RHO addresses a fundamental challenge in AI agent development: the scarcity of labeled data for continuous improvement in real-world deployments. Traditional optimization methods depend on ground-truth validation sets, creating a bottleneck when deploying agents in production environments where acquiring labeled data is expensive or infeasible. This research presents an autonomous feedback loop where agents leverage their own past performance to identify areas for improvement without external supervision.
The approach combines several self-directed mechanisms: identifying diverse, challenging tasks from historical trajectories, executing parallel rollouts, and employing self-validation to evaluate alternative harness configurations. The agent then selects improvements based on pairwise self-preference comparisons, creating a bootstrapping mechanism that strengthens performance iteratively.
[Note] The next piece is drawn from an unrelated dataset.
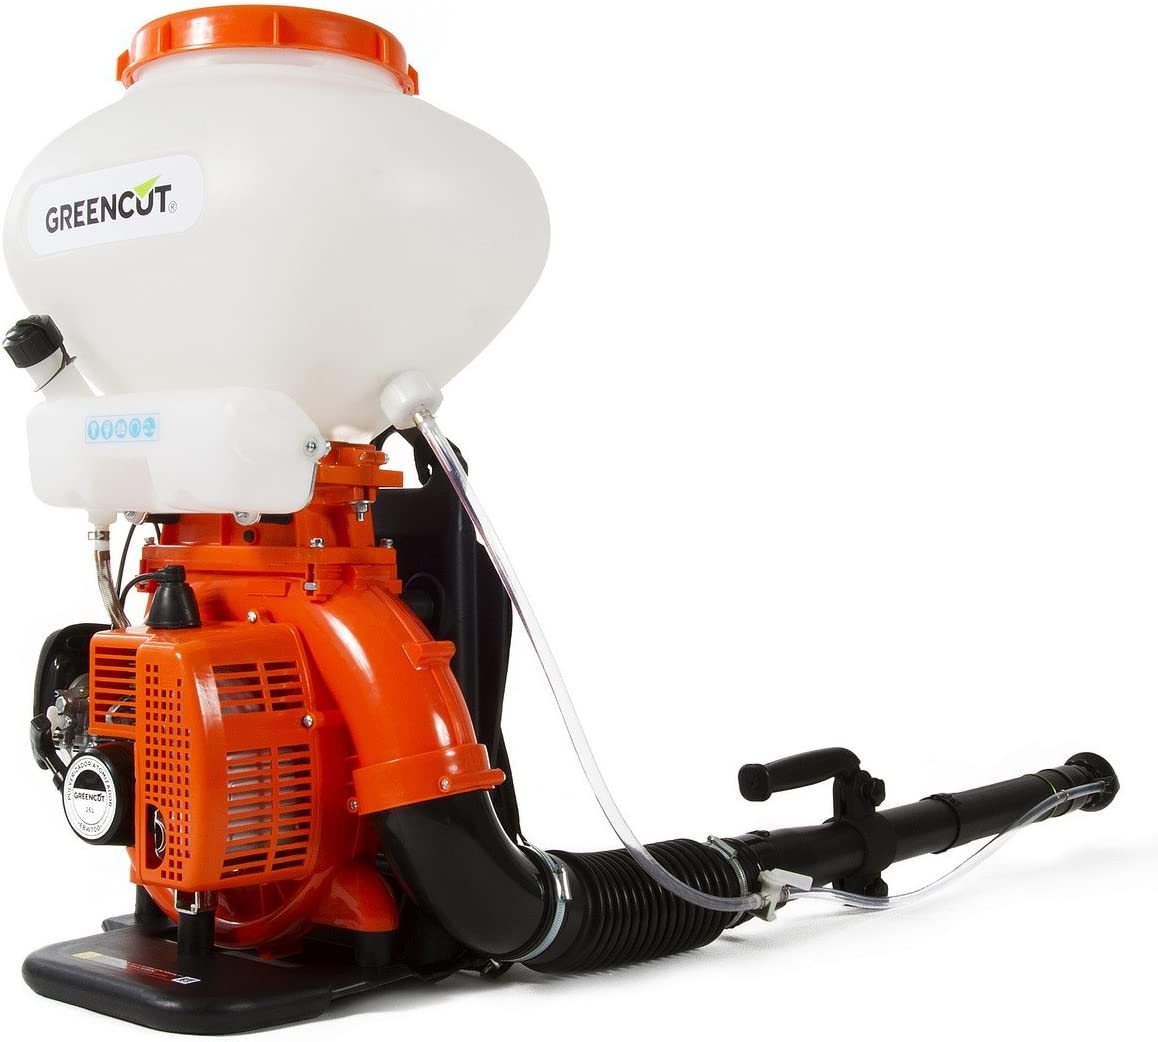 GREENCUT EBW420X - Sulfatador mochila gasolina liquido-polvo depósito 26L, Fumigador y Soplador con motor 42cc, Máquina 3 en 1: Sulfatador, Fumigador y Soplador
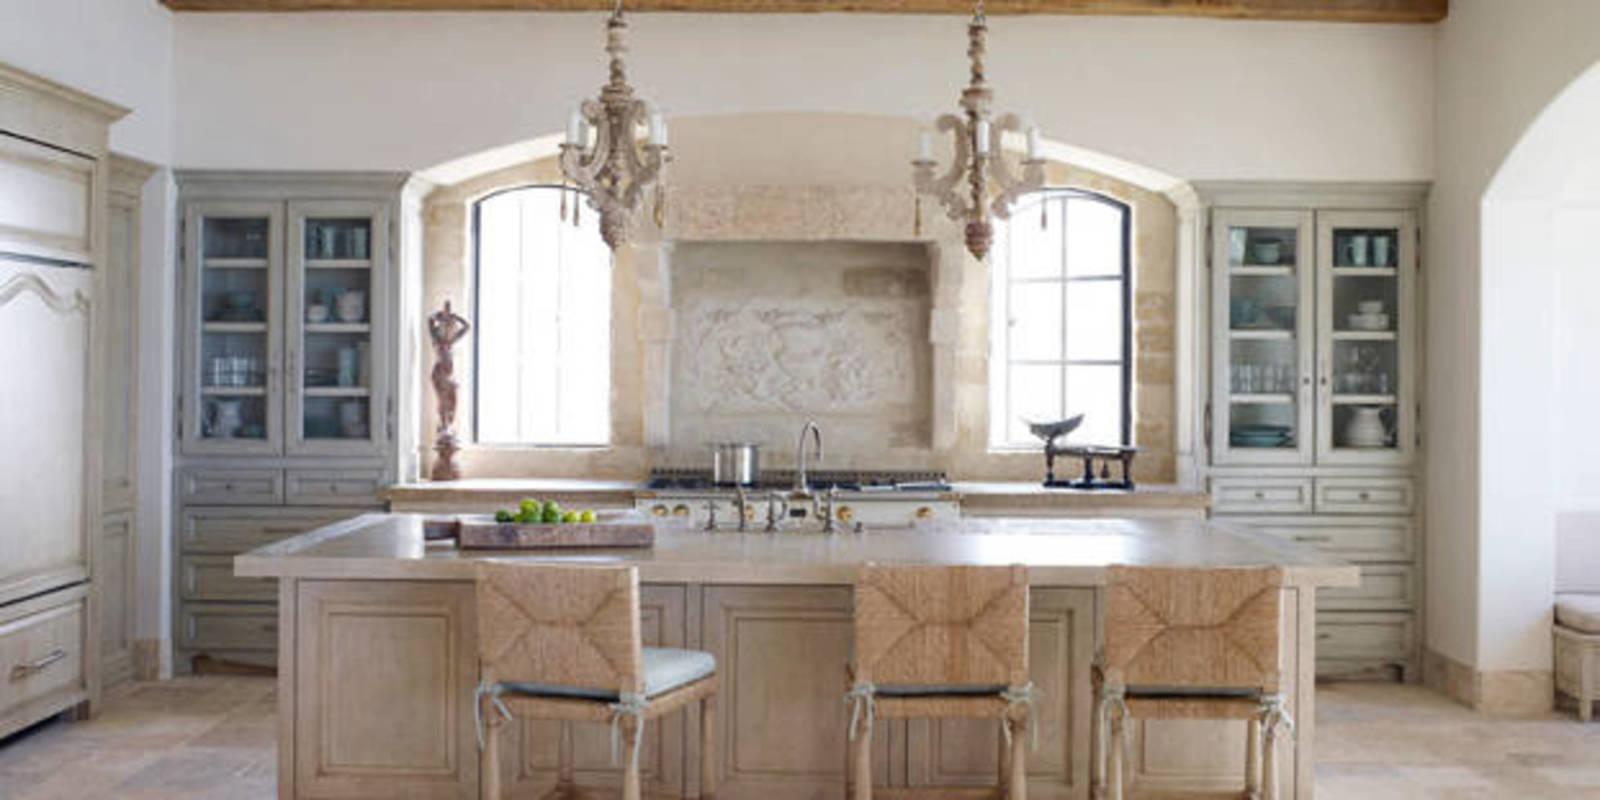 Best Kitchen Decorating Tips

This methodology aligns with broader trends in autonomous AI systems that reduce dependency on human annotation and external grading infrastructure.
The empirical results carry significant implications for practical AI deployment. Achieving a 19-point improvement on SWE-Bench Pro without external validation demonstrates that self-preference mechanisms can effectively drive capability advancement. The sustained accuracy improvements during extended sessions indicate that optimized harnesses produce behavioral changes that persist beyond initial fine-tuning, suggesting genuine skill acquisition rather than narrow overfitting.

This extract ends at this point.